Creating value and making decisions based on these data have proved to be a challenging task as both the datasets as well as the computational intensity of the algorithms continue to escalate. To cope with this issue, High Performance techniques such as hardware acceleration have been examined.
There is a great surge of works that leverage different programming models and frameworks to develop efficient FPGA-based accelerators, thanks to the bit-level customization capabilities of the devices.
However, the frameworks available for programming such devices cannot always straightforwardly fully exploit the acceleration prospects of the applications.
Furthermore, in complex applications existing solutions are characterized by a narrow view on real integration aspects, such as system wide communication and accelerator call overheads. In the current research work, the core contribution is based on the delivery of efficient solutions through strategic exploration of the design space and the synergy of hardware and software code modifications.
The first application that this thesis examines is efficient hardware acceleration of Support Vector Machine (SVM) classifiers. SVMs have played a crucial role in providing data fusion and high accuracy classification solutions for various, complex, non-linear problems. In this thesis, we explore an application that SVM hardware co-processors perform classification for ECG signal arrhythmia detection.
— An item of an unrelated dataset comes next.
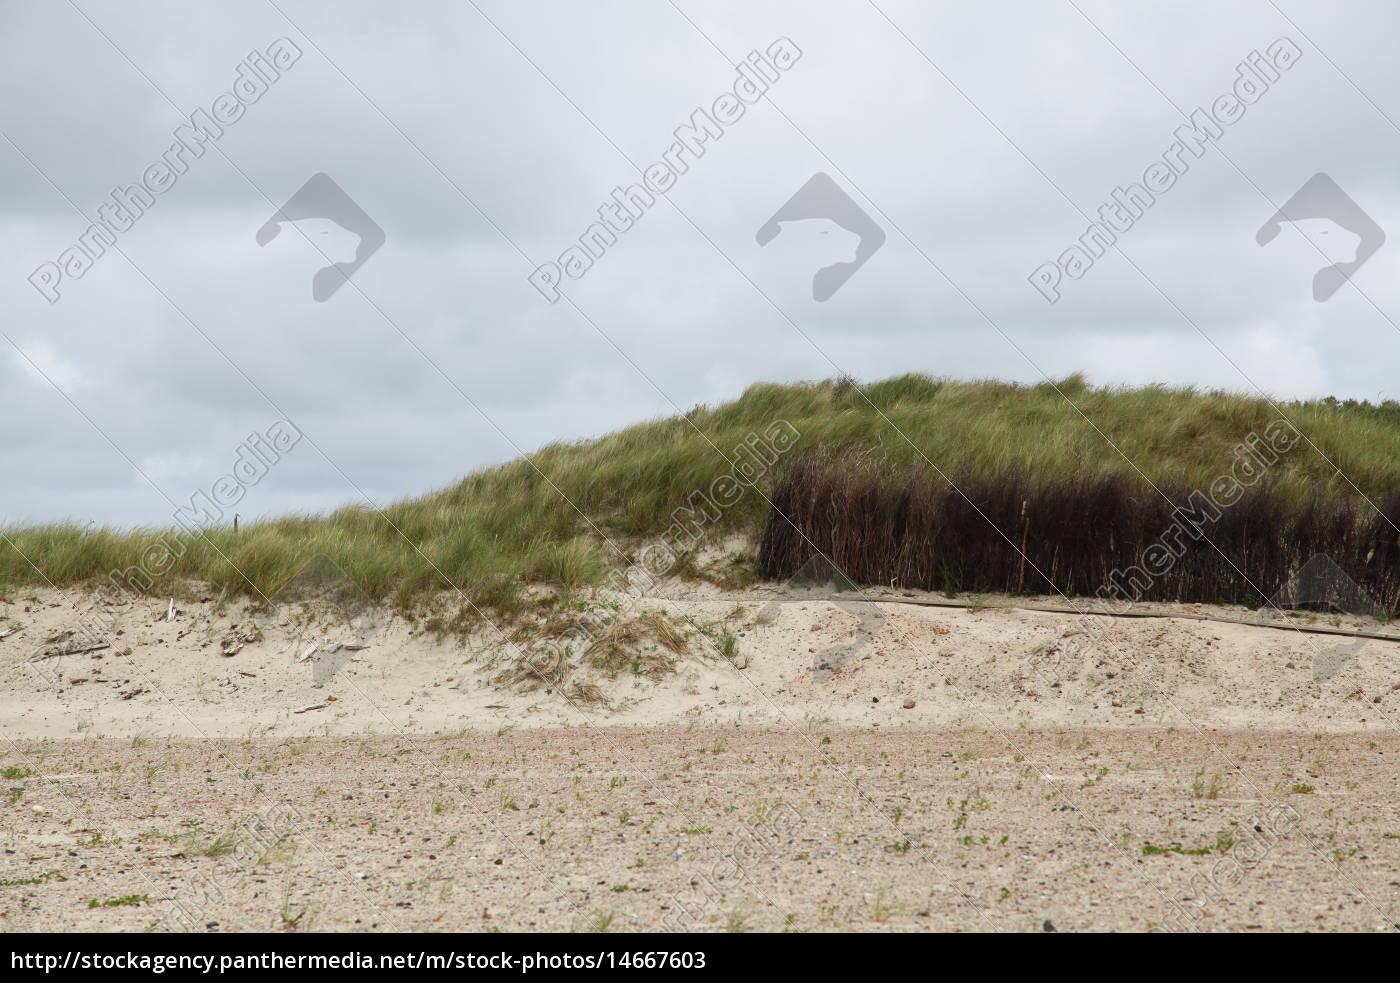 przyroda, środowisko, urlop, urlop wypoczynkowy, święto, wakacje - 14667603

The proposed methodology for accelerating the SVM has been implemented as a framework on top of the state-of-art Vivado High-Level Synthesis (HLS) tool. We propose a systematic two-level approach for SVM acceleration, which first optimizes the global structure of the original SVM's behavioral description to assist the tool in infering the inherent data- and instruction-level parallelism of the algorithm. The second level of optimization further refines the design through a targeted design exploration that matches the accelerator's memory architecture to its computation and memory access patterns.
In the second part of the thesis, we study the effect of acceleration techniques on one of the major bottlenecks of a typical genomic pipeline, which is short read alignment.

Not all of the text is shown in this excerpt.